Lehrkräftemangel eskaliert: Landesregierung leistet bildungspolitischen Offenbarungseid – Bündnisgrüne fordern Notfallplan für Brandenburgs Schulen

Zur Ankündigung von Bildungsminister Gordon Hoffmann, dass der Kernunterricht im Schuljahr 2026/2027 nicht mehr an allen Schulen in Brandenburg abgesichert werden kann, erklärt Juliana Meyer, Landesvorsitzende der Brandenburger Bündnisgrünen:

„Erst baut die Landesregierung Stellen ab, dann zeigt sie sich überrascht, dass die Unterrichtsgarantie nicht mehr überall gehalten werden kann. Dieses Chaos ist hausgemacht. Der Lehrkräftemangel ist seit Jahren bekannt, trotzdem wurde nicht vorausschauend geplant, sondern weiter auf Kante genäht. Nach der Streichung von 345 Vollzeitstellen nun einzuräumen, dass der Kernunterricht wackelt, ist ein bildungspolitischer Offenbarungseid.
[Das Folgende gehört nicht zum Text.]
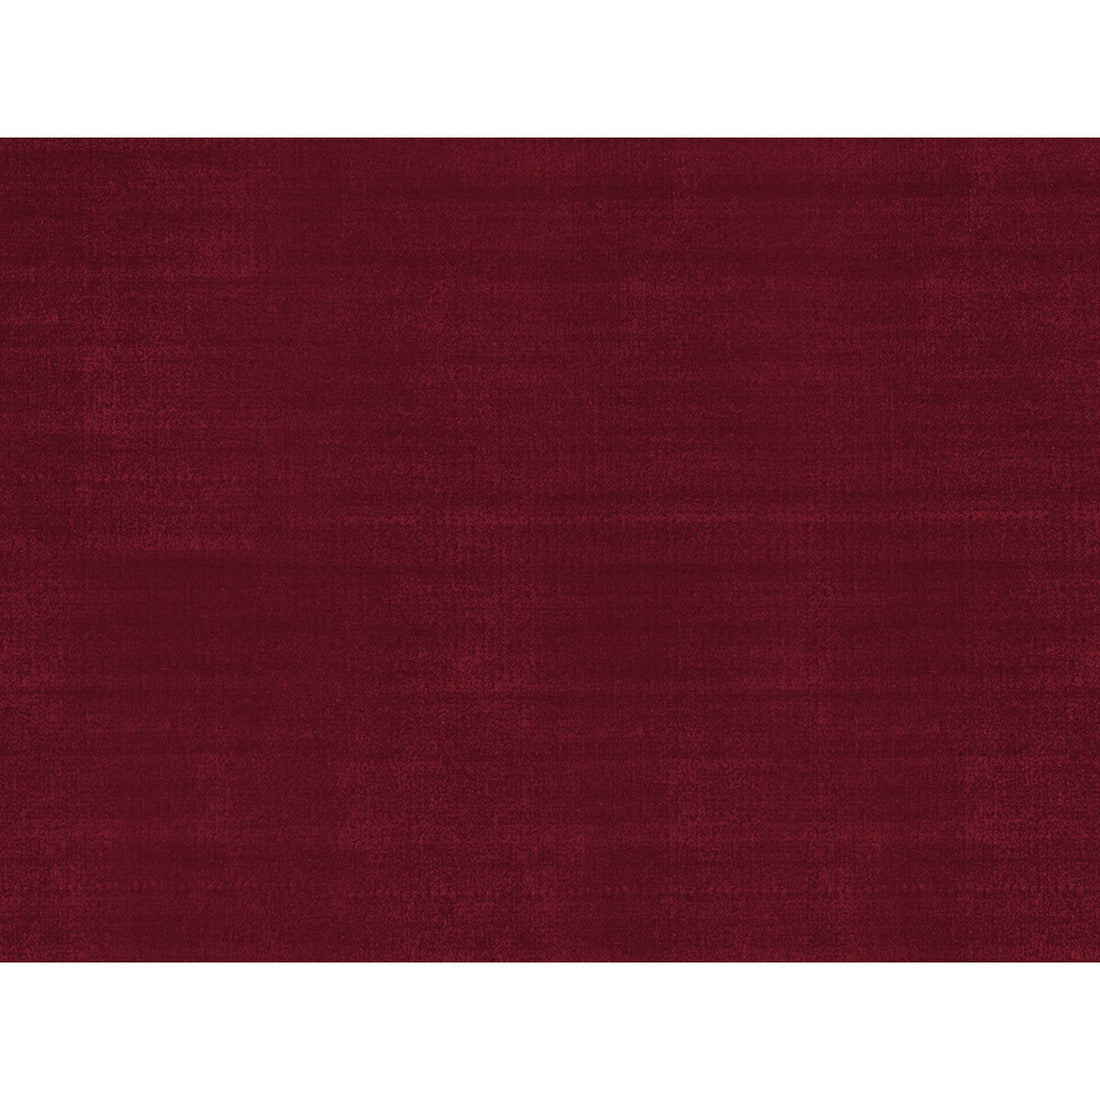 St fabric in florent silk velvet cranberry color - pattern BR-89780.172.0 - by Brunschwig &amp; Fils

Das ist kein Betriebsunfall, sondern das Ergebnis jahrelanger Ideen- und Planlosigkeit in der Bildungspolitik.

Es ist gut, dass der Minister Hoffmann die Situation nicht schönredet und Bereitschaft zu flexiblen Lösungen zeigt. Aber Ehrlichkeit allein ersetzt keine Politik. Jetzt braucht es einen verbindlichen Plan, wie Brandenburg Lehrkräfte gewinnt, Schulen entlastet, Unterricht sichert und den Beruf wieder attraktiver macht. Der CDU-Minister hatte genug Zeit, sich die Lage an den Schulen, die Einstellungssituation und die Folgen des Lehrkräftemangels anzuschauen. Dass diese Erkenntnis erst jetzt kommt, ist kaum zu erklären. Wer Regierungsverantwortung übernimmt, muss mehr liefern als Problembeschreibungen.
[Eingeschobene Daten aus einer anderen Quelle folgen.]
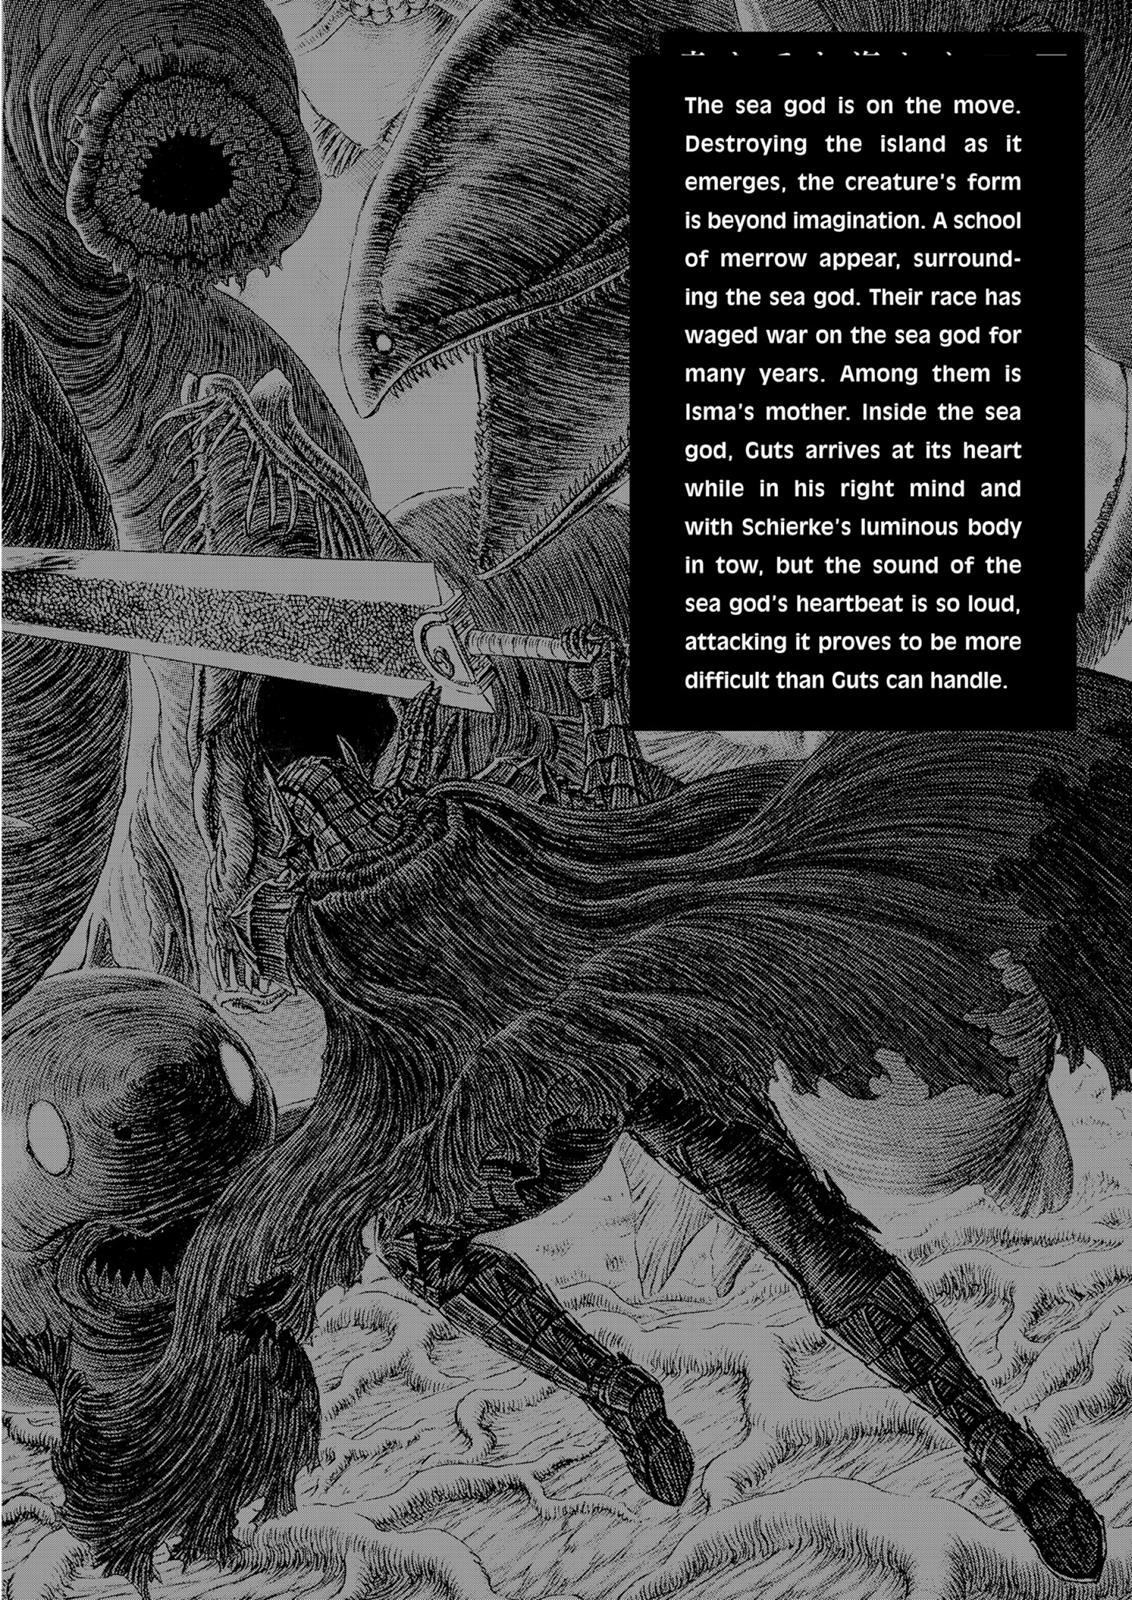 Berserk Manga Chapter 325 image 10

Die Arbeitsbelastung an den Schulen ist enorm, die Anerkennung und Wertschätzung des Lehrerberufs sind viel zu gering, die Attraktivität des Berufs leidet massiv. Dafür trägt diese Landesregierung Verantwortung. Dauerhafte Überlastung von Lehrkräften sorgt dafür, dass Brandenburg im Wettbewerb um Fachkräfte weiter zurückfällt.

Sparen bei Schulen beschneidet die Zukunftschancen von Kindern und Jugendlichen in Brandenburg. Schlechte Unterrichtsversorgung verschärft bestehende Probleme: Familien überlegen sich sehr genau, ob sie in eine Region ziehen oder dort bleiben, wenn sie hören, dass Unterricht ausfällt, Abschlüsse wackeln und Schulen dauerhaft am Limit arbeiten. Bildungspolitik ist auch Standortpolitik. Diese Landesregierung gefährdet beides.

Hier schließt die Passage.